I have been using Choji oil from a Japanese sword dealer on all my swords.  I clean them with a microfiber cloth, and a bit of denatured alcohol.  All of my swords are in polish.  I started using Breakfree collector on one of my swords, and although it seems to work well at preventing rust, it is very thick and seems to attract dust.  I wasn’t sure if it was the oil or my perception.  Since I am thinking of trying other oil, I started researching alternatives.

I have been looking at oil tests available online, but found that they are geared towards guns.  The usual tests show someone treating a piece of metal with oil, spraying it with salt water, then leaving it out in the element for weeks.  This seems like a good test for a gun which may be out in the elements for a week of hunting.  My issue with these tests are that the conditions tested aren’t really what I’m concerned about.  My main worry is someone touching my treated blade (either customs, a guest, sword show, or my own negligence) then being left unnoticed and then developing rust.  I am also concerned about the oil attracting dust with sticky residue.  My other minor concerns are oil staining the shirasaya and unpleasant smell.

I developed a test based on these ideas, but focused more on nihonto.  I used two identical pieces of mild steel.  36” long by 2” wide.  I separated the steel pieces into 9 equal sections, using 1” tape.  I thoroughly ground down, sanded, and cleaned the steel, then treated each section with a different type of oil.  I left one section unoiled as a control.

 

 After liberally applying the oil, I wiped off any excess with a new cloth.  I then set aside the steel for 10 minutes.

I created a saline solution of 1%, which is similar to sweat, blood, and spit, any of which may end up on our swords.  I applied saline solution to each section, then wiped it with my bare thumb.  All of this was to simulate a situation where someone touches the bare blade.

I then left the steel inside on a table to measure rust.

I also put a sample of each oil into a zip-lock bag to judge color and smell.

Finally, I treated separate knives with oil, let them dry, then touched each one to judge stickiness.

Posted

Sorry for the delay.... Life got in the way, so experiment went 48 hrs without photos!  :bang:

I intended to repeat it anyway, so oh well....

Some surprises, but I will wait until the end to make some observations.

I ground the metal back down, sanded it, and reapplied oil.

Photos to come.

Posted

So, at 12 hours, these are my observations:

 

No change:  Breakfree CLP, Tuf-glide, MPro7, Breakfree Collector, Fujishiro Oil, WD40, Eezox

 

Very light discoloration:  Camillia Oil, 3 in 1, Rem Oil, and OHS Choji Oil

 

Light discoloration : Mineral Oil, OKS Choji Oil, Motor Oil, Hoppes, Singer, 御刀油 Choji Oil

 

Dark discoloration: Control

 

 

Next check at 24 hrs.....

Posted

OHS Choji and Camilia oil look very similar perhaps not surprising they perform the same but we will see.

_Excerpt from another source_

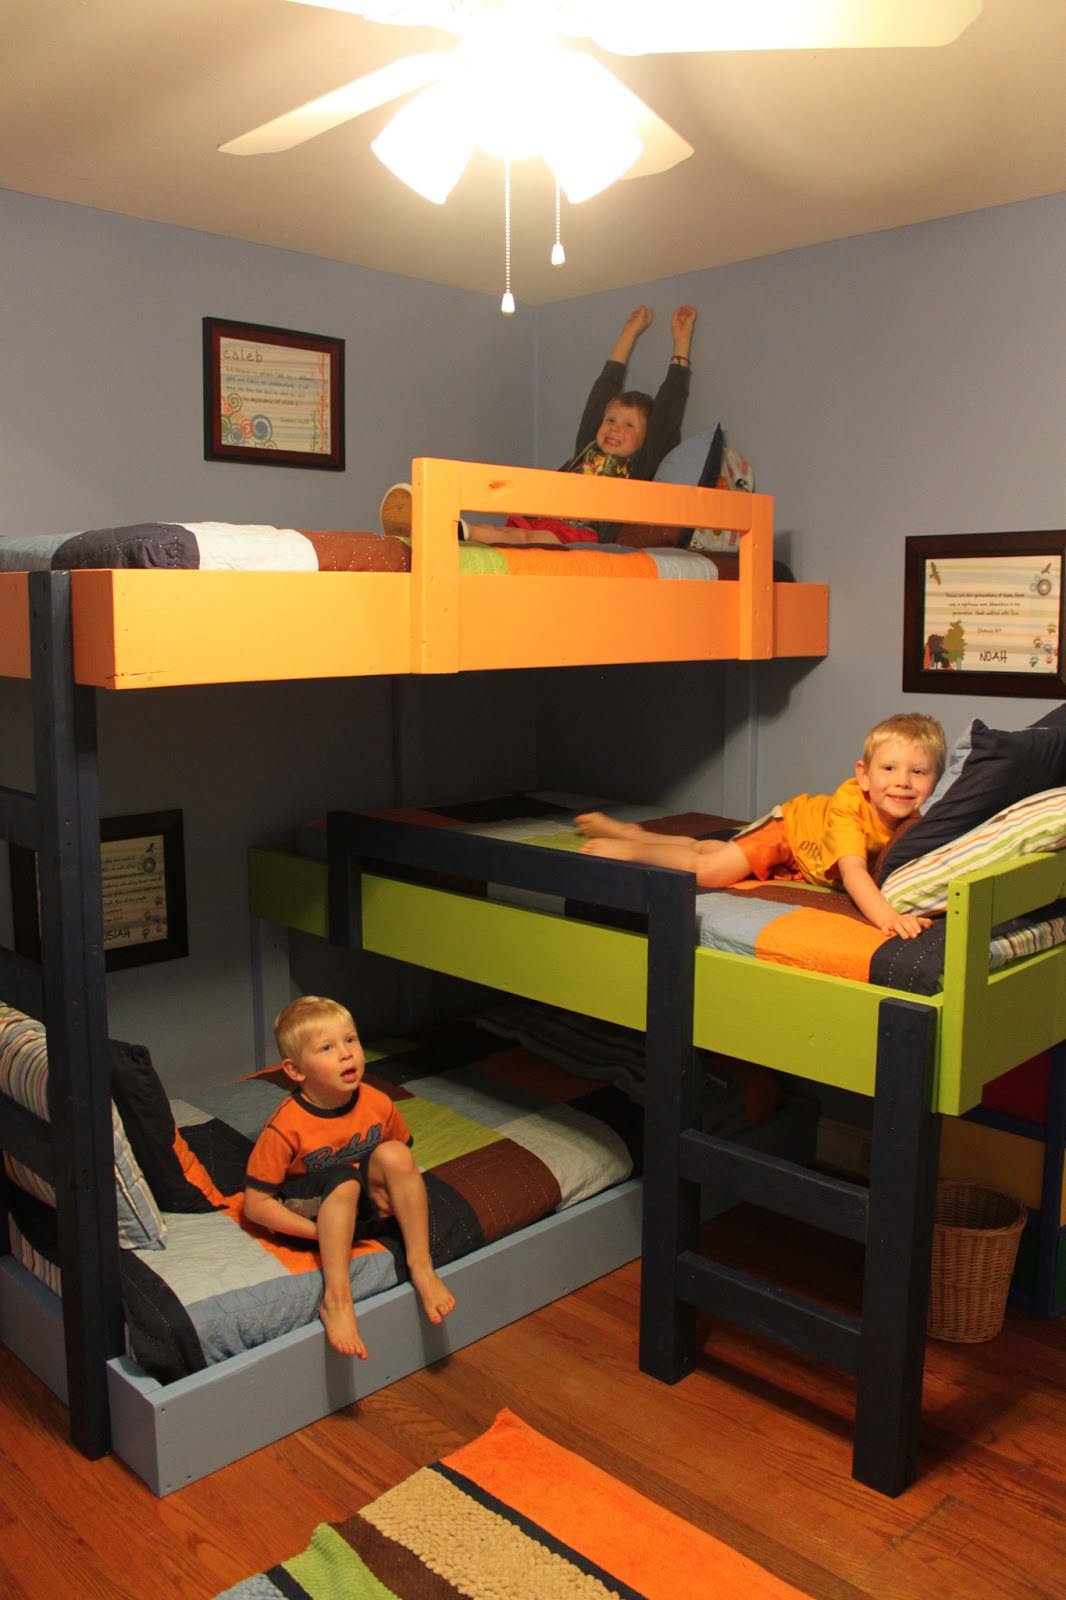 Cameretta condivisa da 3 fratelli con il letto a castello realizzato con il fai da te - design semplice e funzionale

Fujishiro also sells a yellow oil variety but it is rated not as good as their Jo quality and they might have dropped it.

I'm a bit surprise with OKS Choji, I believe it is actually odourless mineral, same oil is rebranded and stocked by one of the most prestigious sword dealer in Tokyo but I haven't used it long enough.

 

I think Fujishiro san would be very pleased if the 12 hours do confirm overall result. Personally I think Breakfree, Eezox, WD40, although excellent rust preventer has side effect that may make it unsuitable for Japanese sword.

 

 

Wah

Posted

At 24 hours, these are my observations:

 

Breakfree Collector, CLP, Eezox,and Fujishiro oil show no change.

 

WD40, Tuf Glide, and OHS Choji oil show a very slight discoloration.

 

MPro 7, Camillia, OKS Choji, Rem Oil, 3-1, and Choji oil all have light, but clear discoloration.

 

Hoppes, Motor oil, Singer machine oil, and Mineral oil all display medium to dark discoloration.

 

The control area has rust.

Posted

Honestly I'm surprised WD40 worked as well as it has - it doesn't have a great reputation in the firearms world.  I mostly use Breakfree CLP, Boesheild, and Ren Wax which have all worked great - but on firearms only.

Posted

Hi

I've followed this thread with interest

Once complete (if it is ever complete) would you give a synopsis especially oils that could be detrimental

When used on car electrics it's purpose is to be a water barrier by forming a skin on the surface so I don't think I'd use it

After Breakfree was recommended on the NMB it is my choice

 

 

Grev

Posted

Really good work. Also surprising results, I give away a Fujishiro cleaning kit with every new Juyo purchase in order to try to do my part to take care of the sword. If one must use uchiko (and one must not) then at least his is head and shoulders above everything else. They are complete with microfiber cloth and that's the hope that people will use that instead. But this is news to me that the oil seems to be doing a better job than other options.

 

Thanks very much for doing this kind of work.

  • Like 1
Posted

This is the best test I can think of to practically test nihonto oil.  I wanted to use a broken blade, but the ones I have seen at auction have sold for over $100.  I would test the samples without saline, but it would take months in my climate to see even the start of rust on even the part untreated with oil.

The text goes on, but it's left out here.